If you have a grocery nearby you can buy some split peas and popcorn(uncooked) or thaw some frozen corn and peas and feed them to him... make sure the frozen ones are WARM .... you don't want him using any of his reserves to warm anything & please put a bottle of Hot water wrapped in a towel beside him to help him .


----------



## createdbydefaul (Aug 15, 2008)

here is the bird hopefully the pic works


----------



## Lovebirds (Sep 6, 2002)

createdbydefaul said:


> hello, my name is Tim, i live in NW NJ and i found a banded pigeon at my place of work today. i tried looking up the numbers and all but cannot seem to find the owner please help
> this is how the tag reads,
> 
> IF 2008
> ...


Please check the band again. There should be a series of letters or possibly one single letter between the 2008 and the number. That is needed to find the club that the bird is from.
This is a young bird and is probably lost and didn't know how to find food. It's imperative that you feed the bird as it's probably starving. 
Unpopped popcorn, sunflower seeds (black, not the striped ones) rice, split green peas, lentils, frozen peas and/or corn (thawed).........wild bird seed
Please check the band and I'll watch for an update.


----------



## createdbydefaul (Aug 15, 2008)

it is 2008 A there was an A after the 2008 that i didnt notice before hopefully that helps


----------



## MaryOfExeter (Sep 30, 2007)

http://www.ifpigeon.com/IF/band_list/band_list_2008.pdf

If you look at "A" it gives you a name, address, and number to contact. 'A' bands aren't club bands, but the bands you'd buy from IF not through a club. I think.


----------



## Lovebirds (Sep 6, 2002)

createdbydefaul said:


> it is 2008 A there was an A after the 2008 that i didnt notice before hopefully that helps


Yep, that's what I need.
That is actually a stock band and doesn't belong to any particular club. This person will have a record of who purchased that band.
Secretary - Treasurer
Val Matteucci
P.O.Box 374
Hicksville,NY 11802
Phone:
(516) 794-3612
Can you give him a call? If not, let us know and I'll call for you. If you get an answering machine, leave a message and Val will call you back. He's pretty busy but is very good about returning calls. 
Please let us know what you find out and if you have any other questions abouit the bird. I believe it's just simply lost and starving. With some food and water, it will perk up in about 24 hours. However, please don't let it go until you find out who the owner is and how far away they are from you.


----------



## Whitefeather (Sep 2, 2002)

createdbydefaul said:


> i have been giving him water, it was warm not hot, but i do not have any kinds of grains where i am at..
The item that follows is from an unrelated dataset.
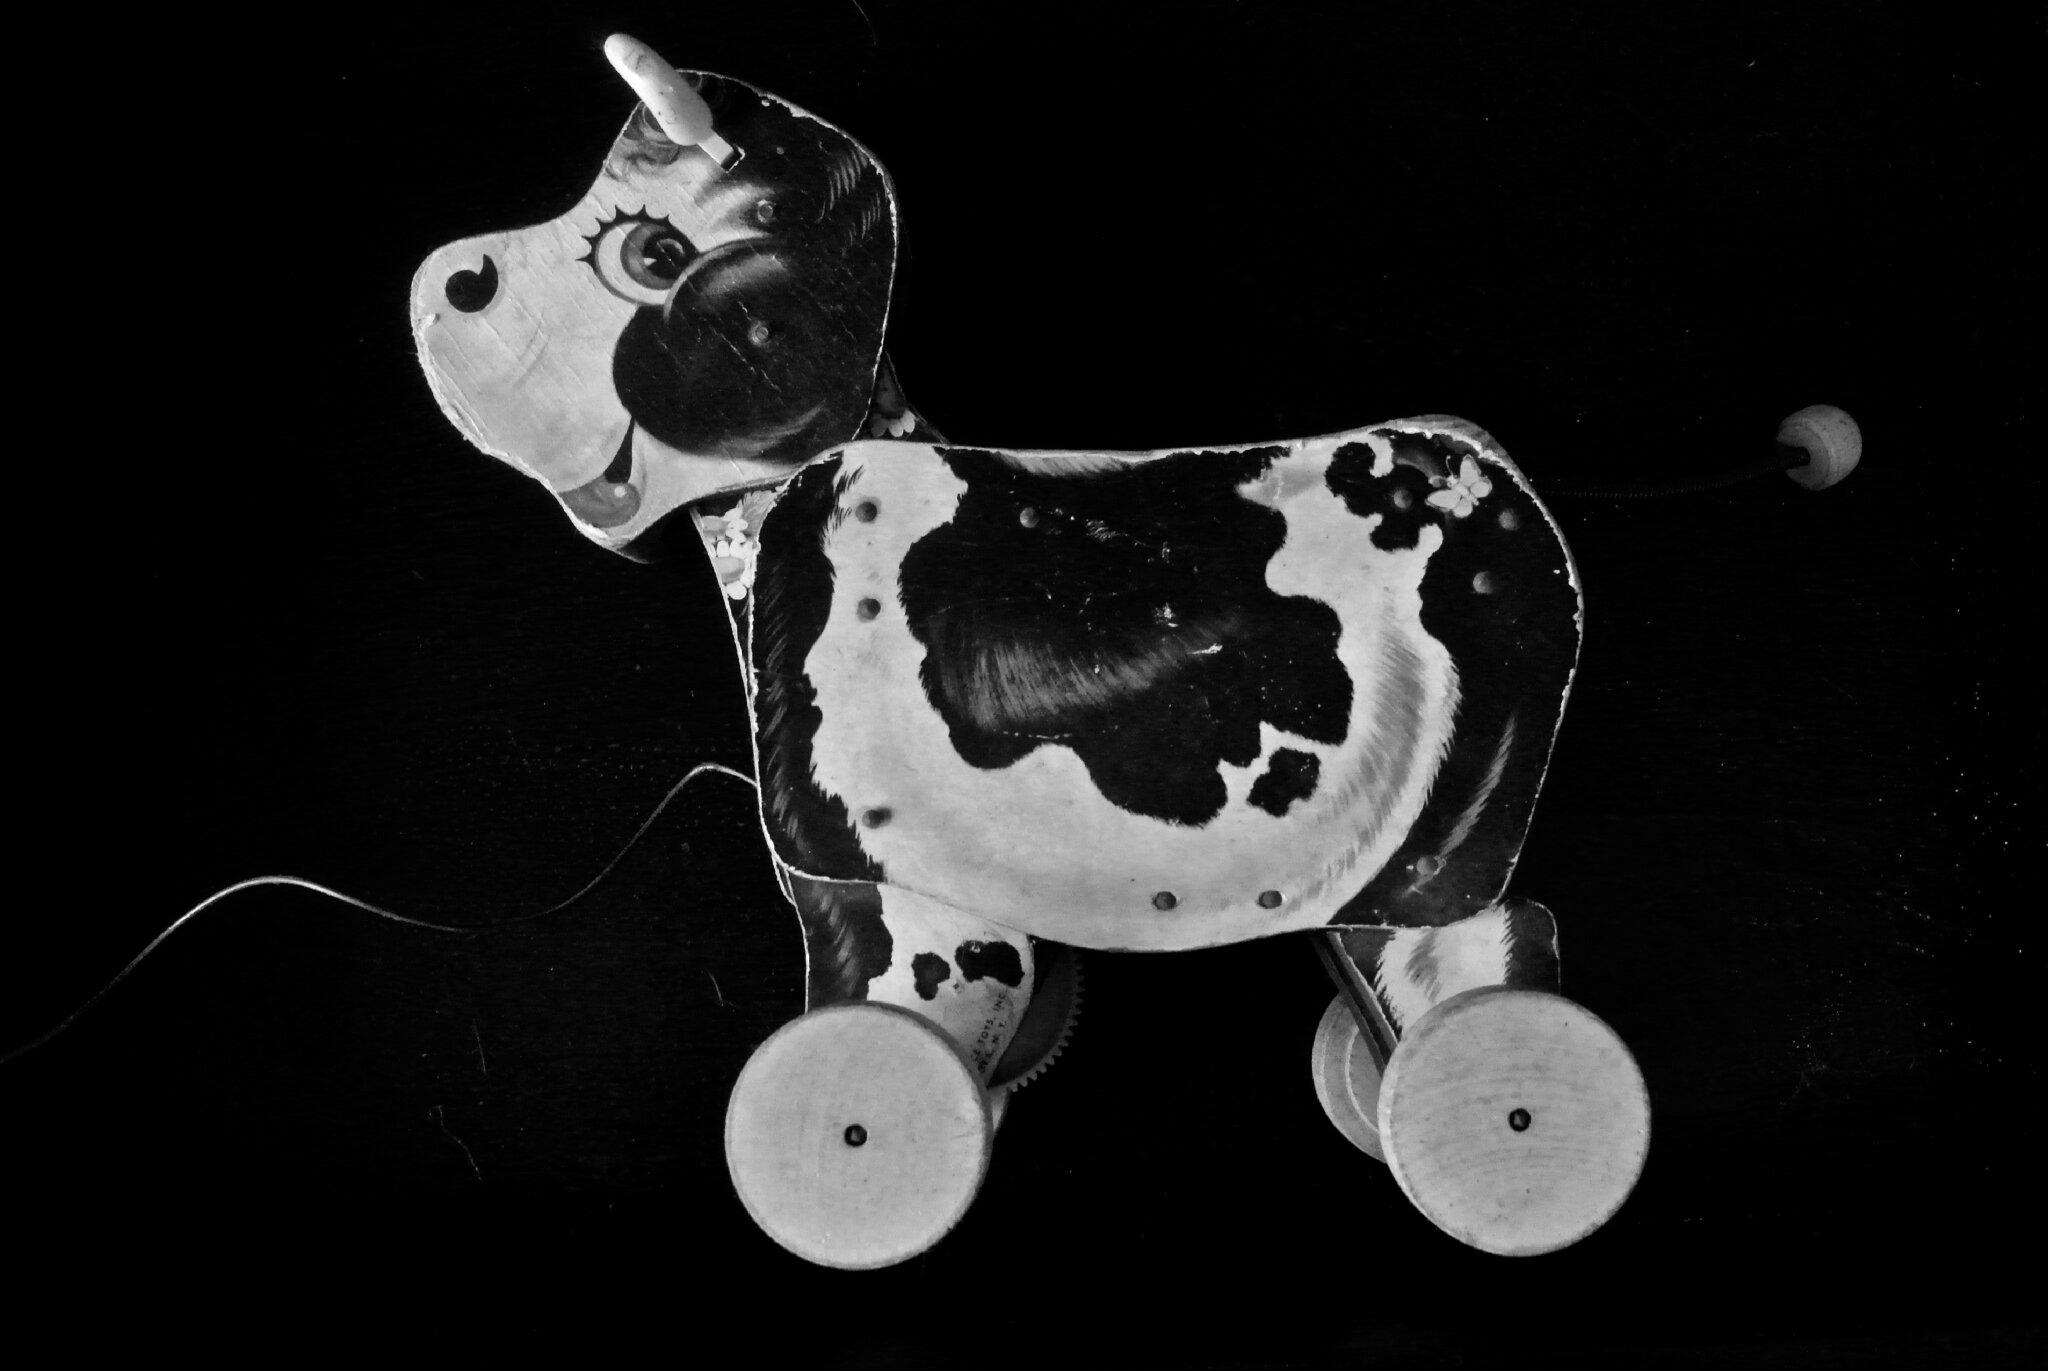 Vache à tirer, jouet vintage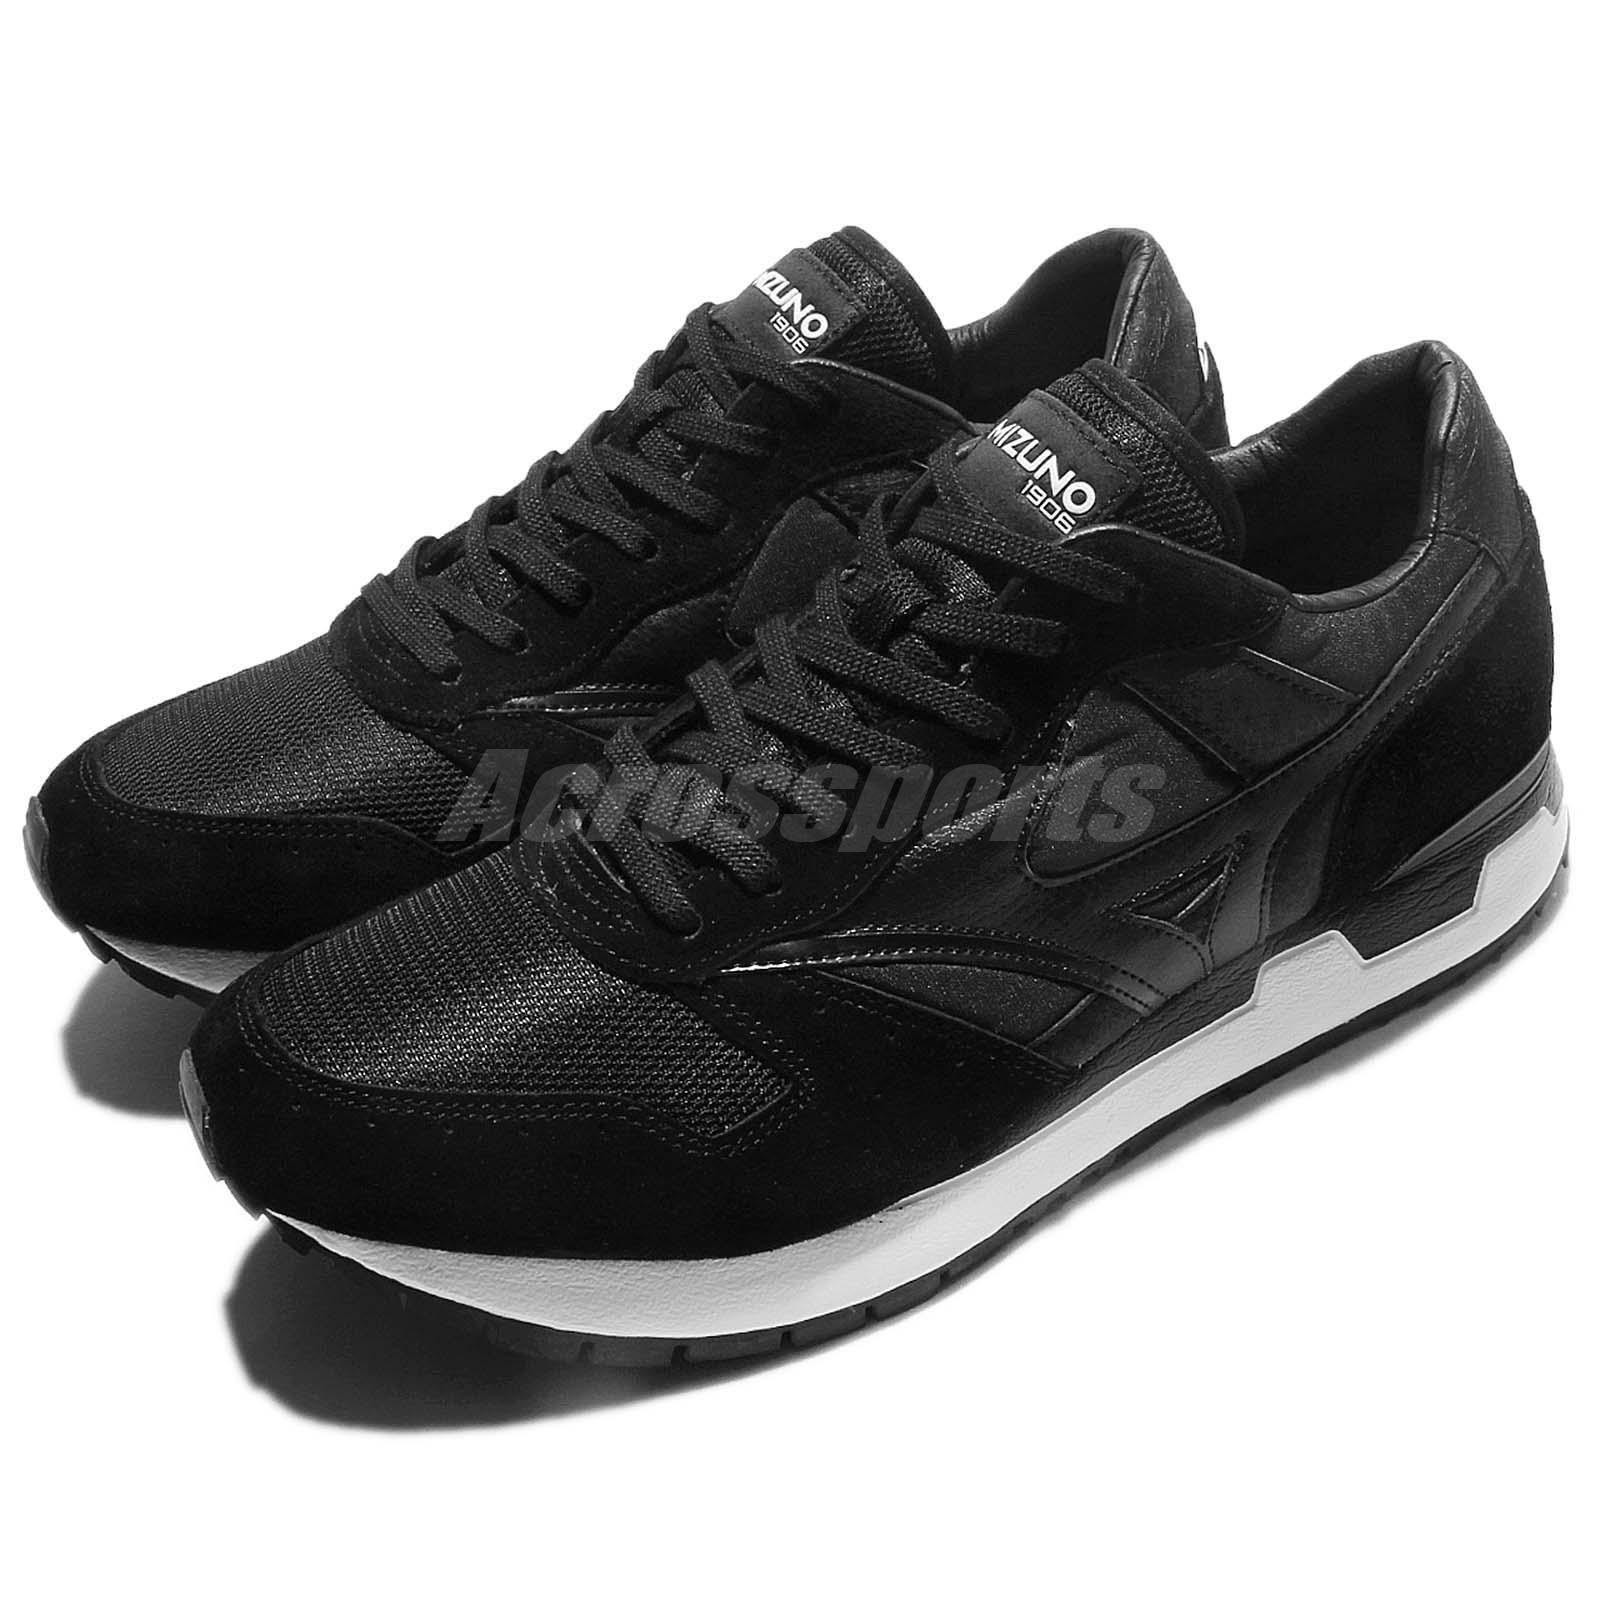 Mizuno Sports Style GV87 1987 negro blanco Men Retro zapatos zapatillas D1GA17-0609

If you suspect the bird is ill or injured:

PLEASE click on the following link, review the information, & follow the steps.
http://www.pigeons.biz/forums/f25/saving-the-life-of-a-pigeon-dove-vital-basic-steps-8822.html

Cindy


----------



## createdbydefaul (Aug 15, 2008)

i already called Val and he said it was a bird from Pennsylvainia, he gave me another number and i called that but no one answered, i left a message over an hour ago, and no response as of yet, i take lunch at 1 here in NJ so i was going to take him/her to the local vet and have them take care of him, is that a good idea if i do not hear from anyone?


----------



## Lovebirds (Sep 6, 2002)

createdbydefaul said:


> i already called Val and he said it was a bird from Pennsylvainia, he gave me another number and i called that but no one answered, i left a message over an hour ago, and no response as of yet, i take lunch at 1 here in NJ so i was going to take him/her to the local vet and have them take care of him, is that a good idea if i do not hear from anyone?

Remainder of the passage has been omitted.